NVIDIA / TensorRT-LLM

TensorRT-LLM provides users with an easy-to-use Python API to define Large Language Models (LLMs) and build TensorRT engines that contain state-of-the-art optimizations to perform inference efficiently on NVIDIA GPUs. TensorRT-LLM also contains components to create Python and C++ runtimes that execute those TensorRT engines.
https://nvidia.github.io/TensorRT-LLM
Apache License 2.0
7.37k stars 796 forks source link

change **kwargs to **default_kwargs to enable trust remote code, fast, etc.. #1863

Open levidehaan opened 5 days ago

levidehaan commented 5 days ago

https://github.com/NVIDIA/TensorRT-LLM/blob/9691e12bce7ae1c126c435a049eb516eb119486c/tensorrt_llm/hlapi/tokenizer.py#L63

nv-guomingz commented 5 days ago

@Superjomn Would u please take a look this question?

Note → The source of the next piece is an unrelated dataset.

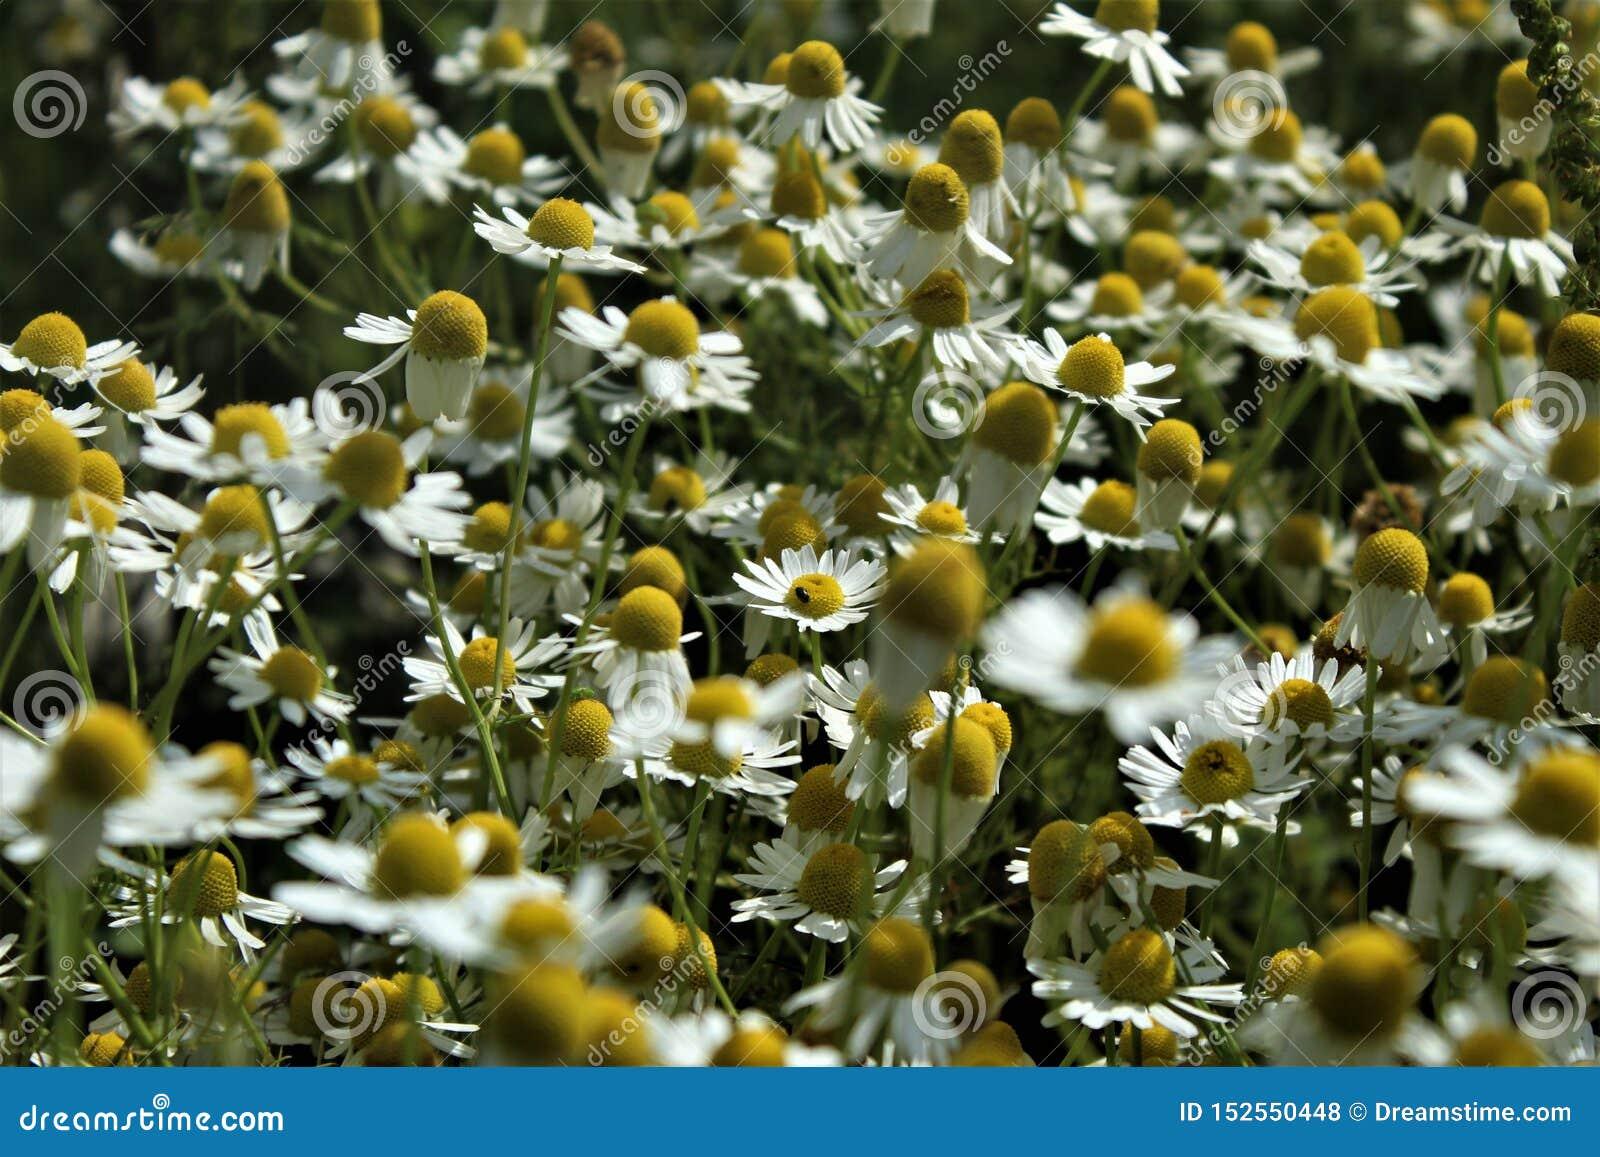 Цветки и травы стоцвета цветут красиво

Superjomn commented 5 days ago

Good suggestion, thanks.

We will support enable_trust_remote_code in the future when we broaden the model coverage from Llama to other models. Currently, you can also pass an external tokenizer into the LLM instance instead.

levidehaan commented 4 days ago

Roger that, i was pointing out that youre not using the extra kwargs, i enabled them and stopped getting errors loading models that needed some of those settings. Might be safe to enable,, or maybe set a flag to enable?